-- DATA --
☆ ☆ ☆
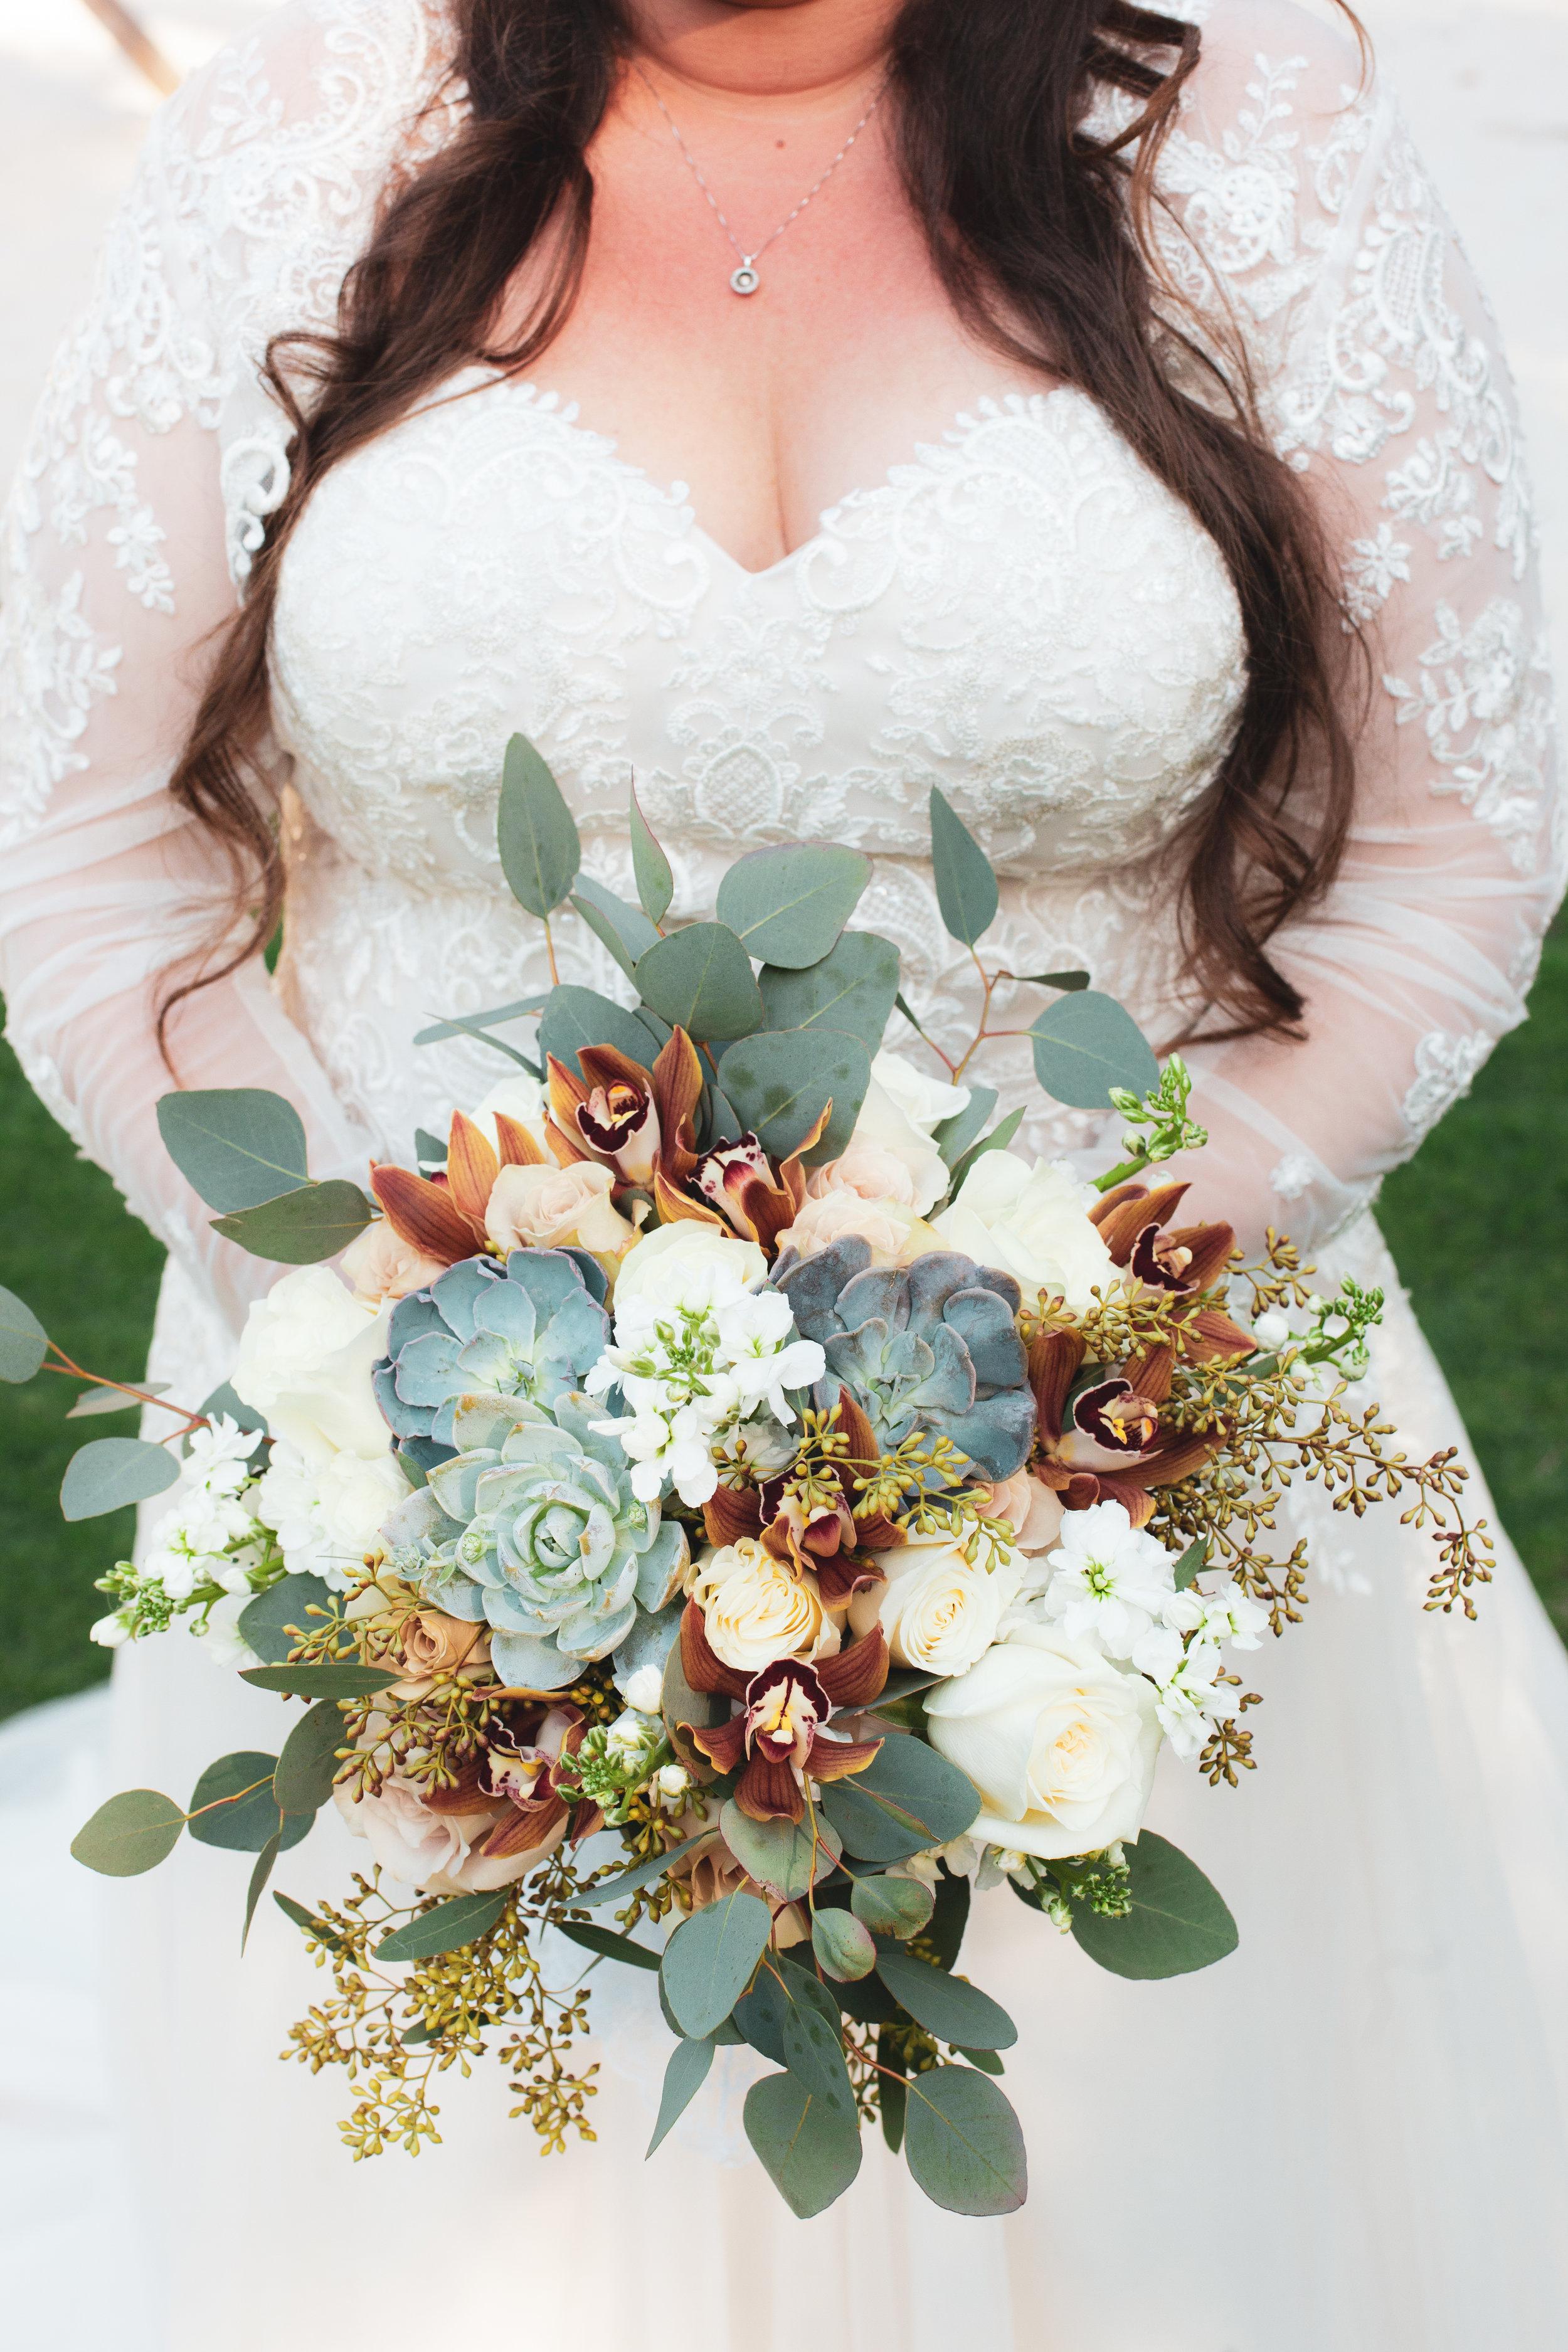 key largo florida beach wedding © kelilina photography 20190316163414-1.jpg
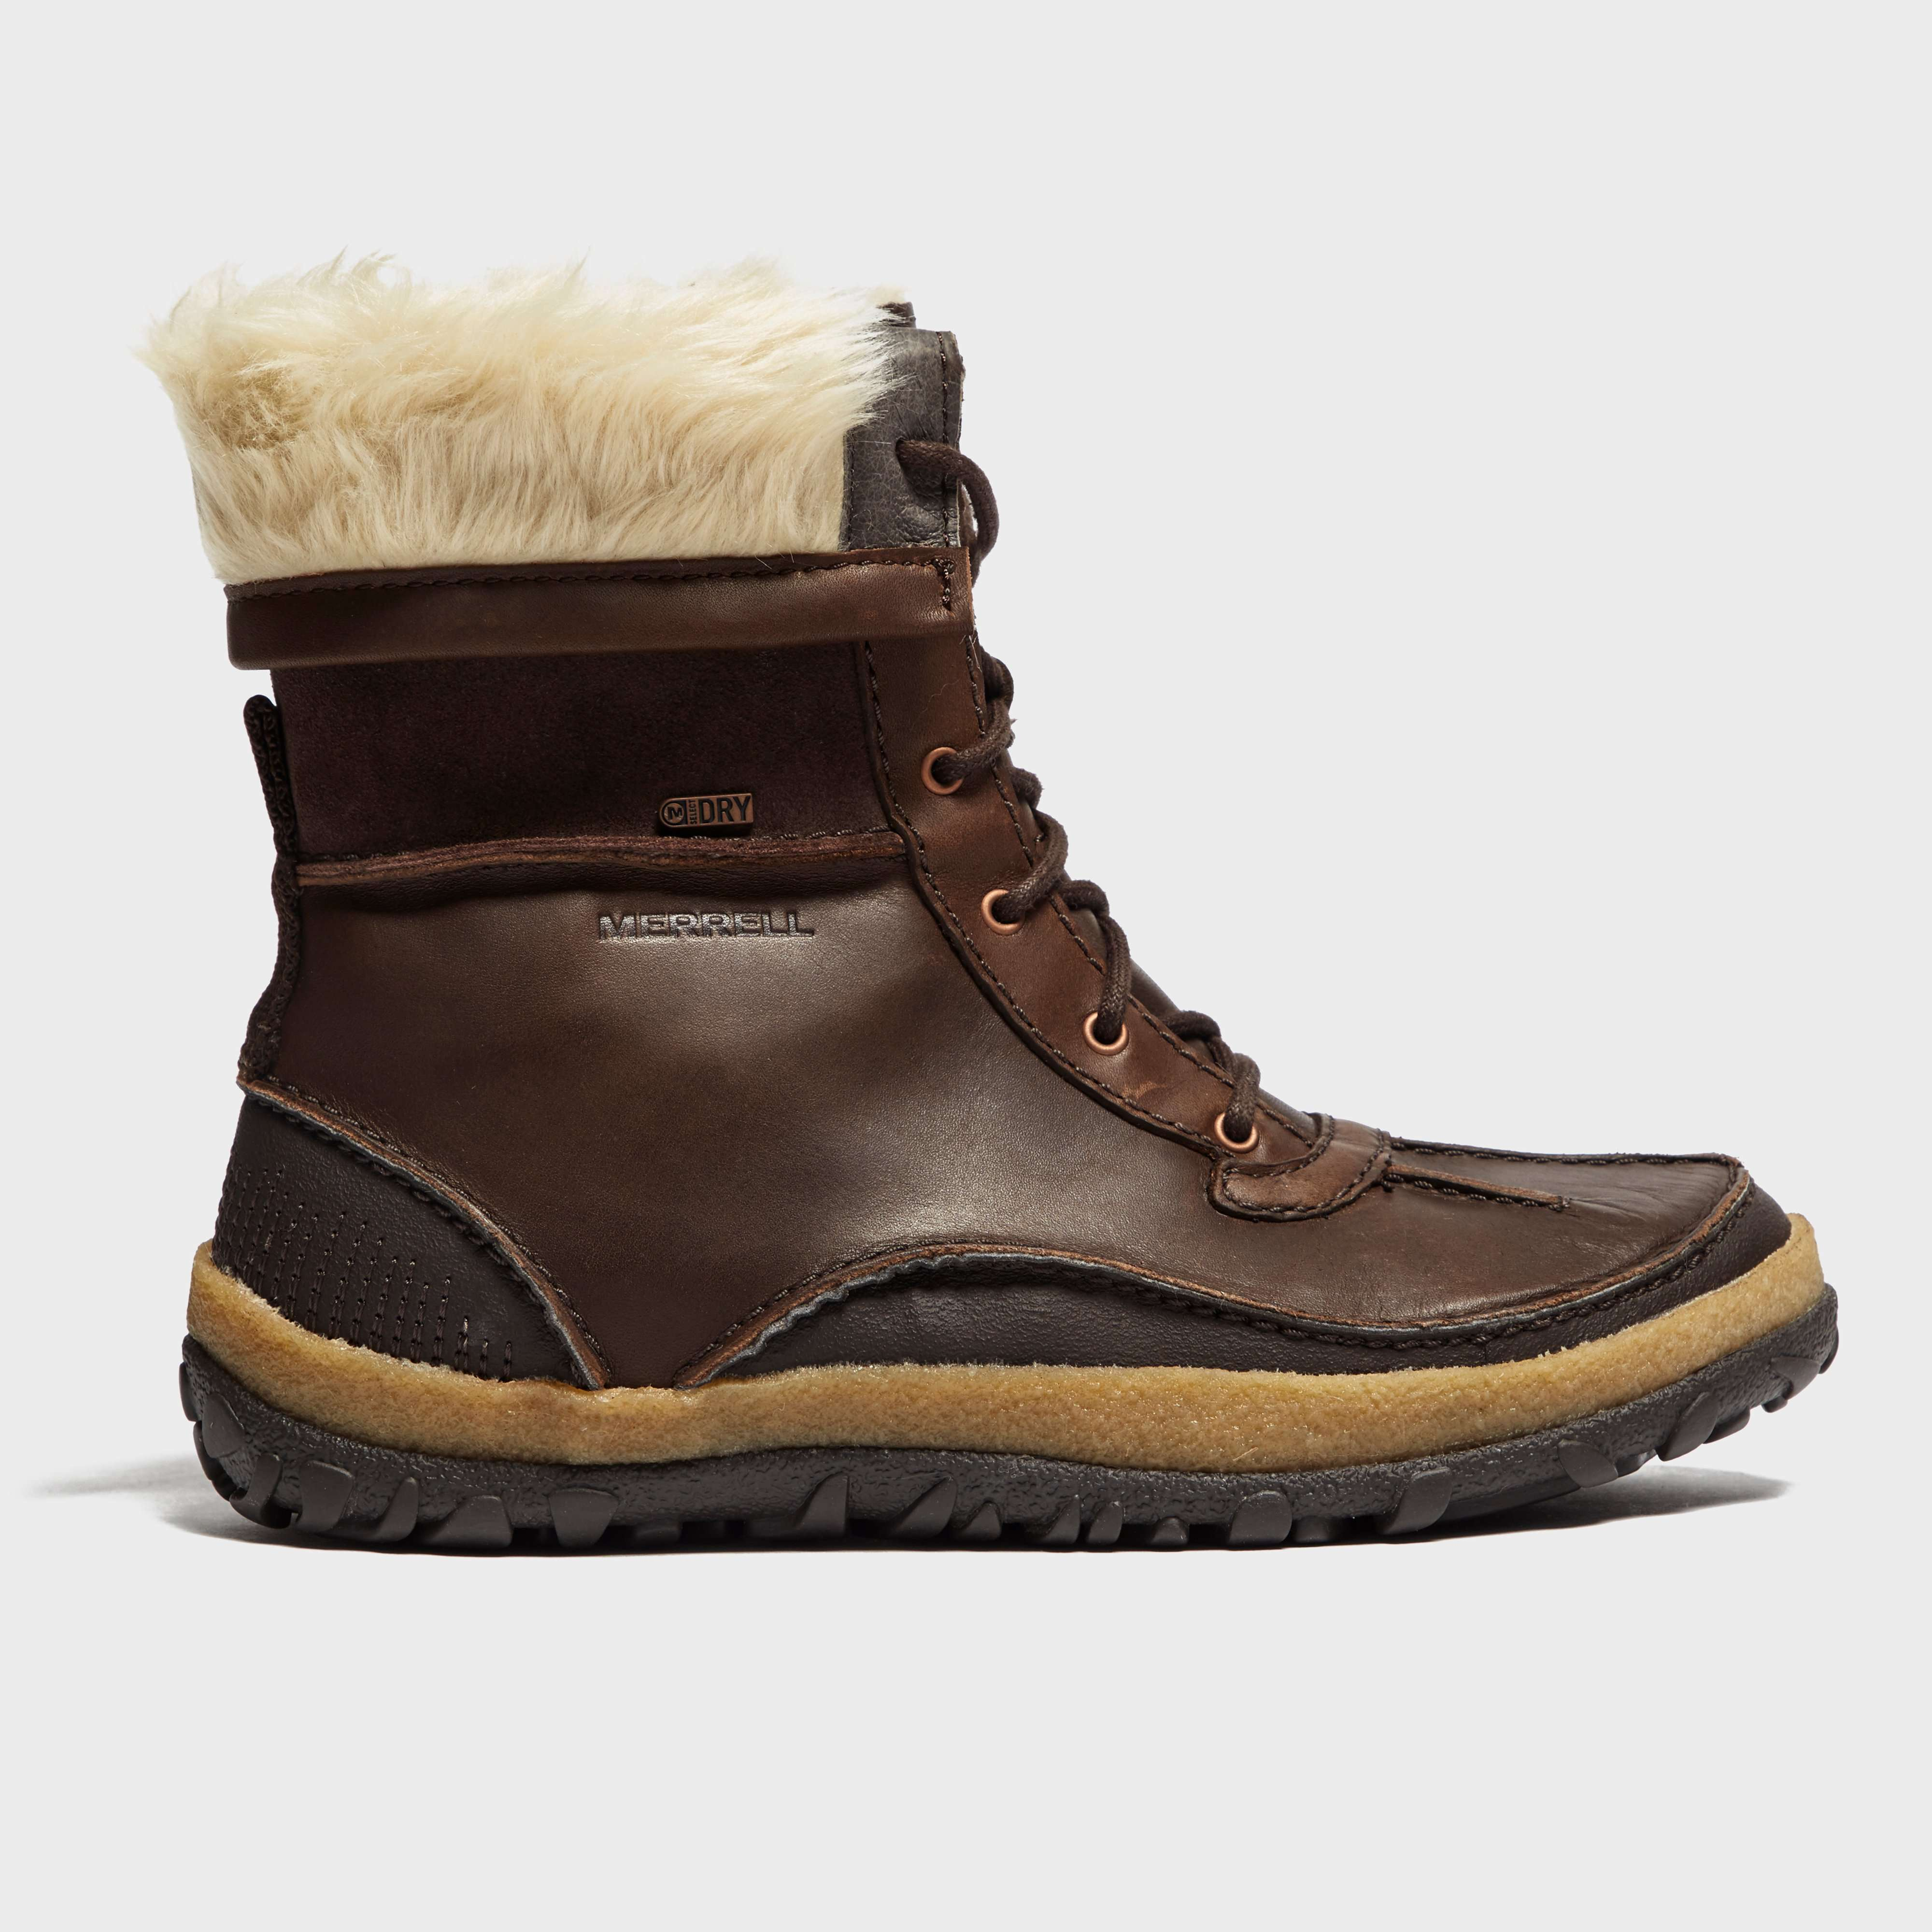 MERRELL Women's Tremblant Winter Mid Boot
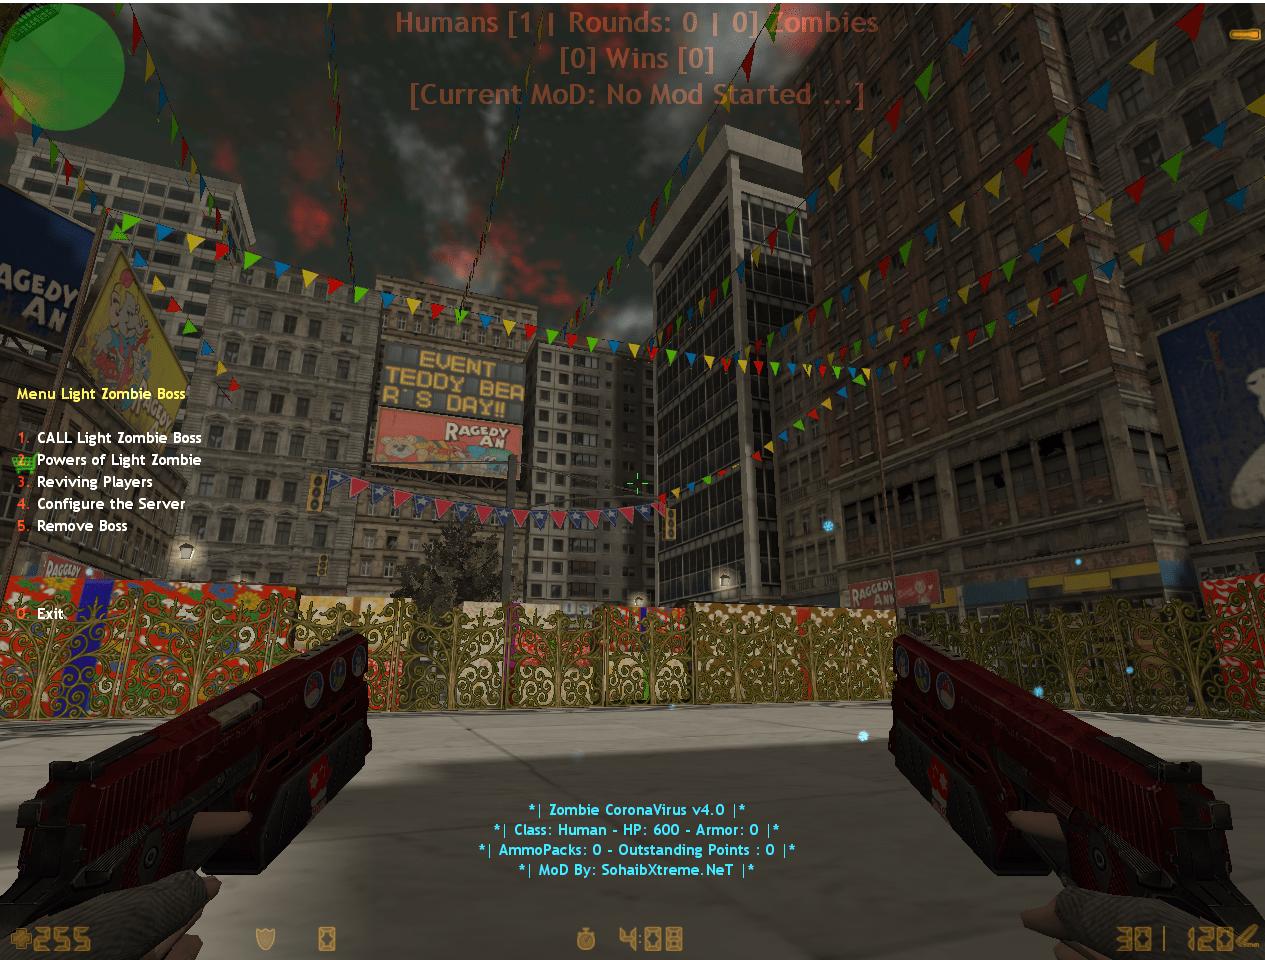 Counter-Strike 1.6 Zombie Big BoSS v2.0 Addon/Mod Download [ 2k21 ]
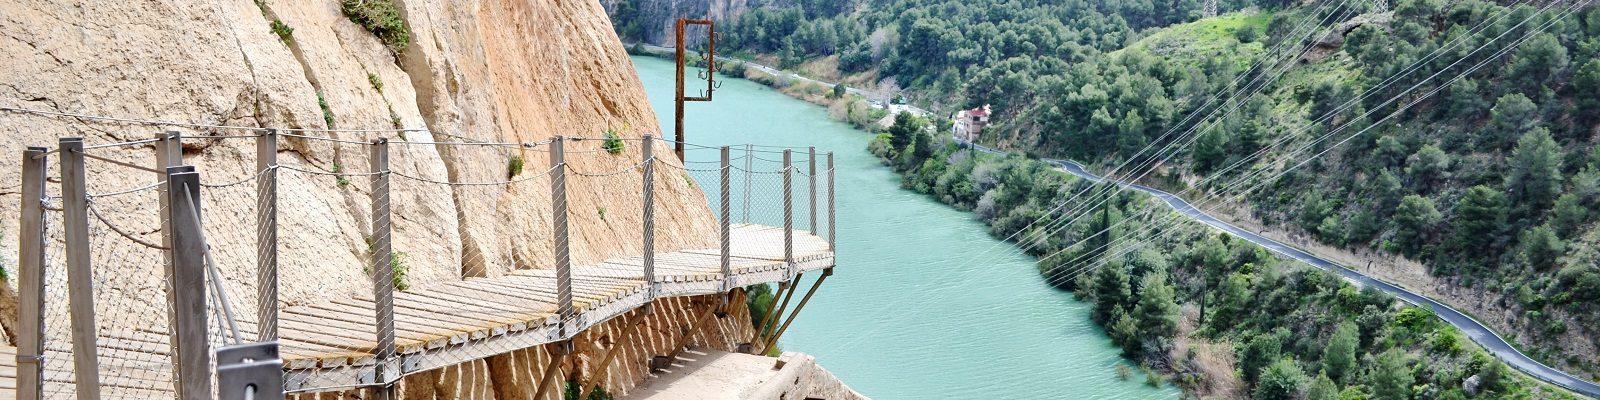 Caminito del Rey, printre cele mai spectaculoase drumuri din lume
☆ ☆ ☆
Strip out the pictures and repeat the listing above exactly.

-- OUTPUT OF THE TASK --
 key largo florida beach wedding © kelilina photography 20190316163414-1.jpg
 MERRELL Women's Tremblant Winter Mid Boot
 Counter-Strike 1.6 Zombie Big BoSS v2.0 Addon/Mod Download [ 2k21 ]
 Caminito del Rey, printre cele mai spectaculoase drumuri din lume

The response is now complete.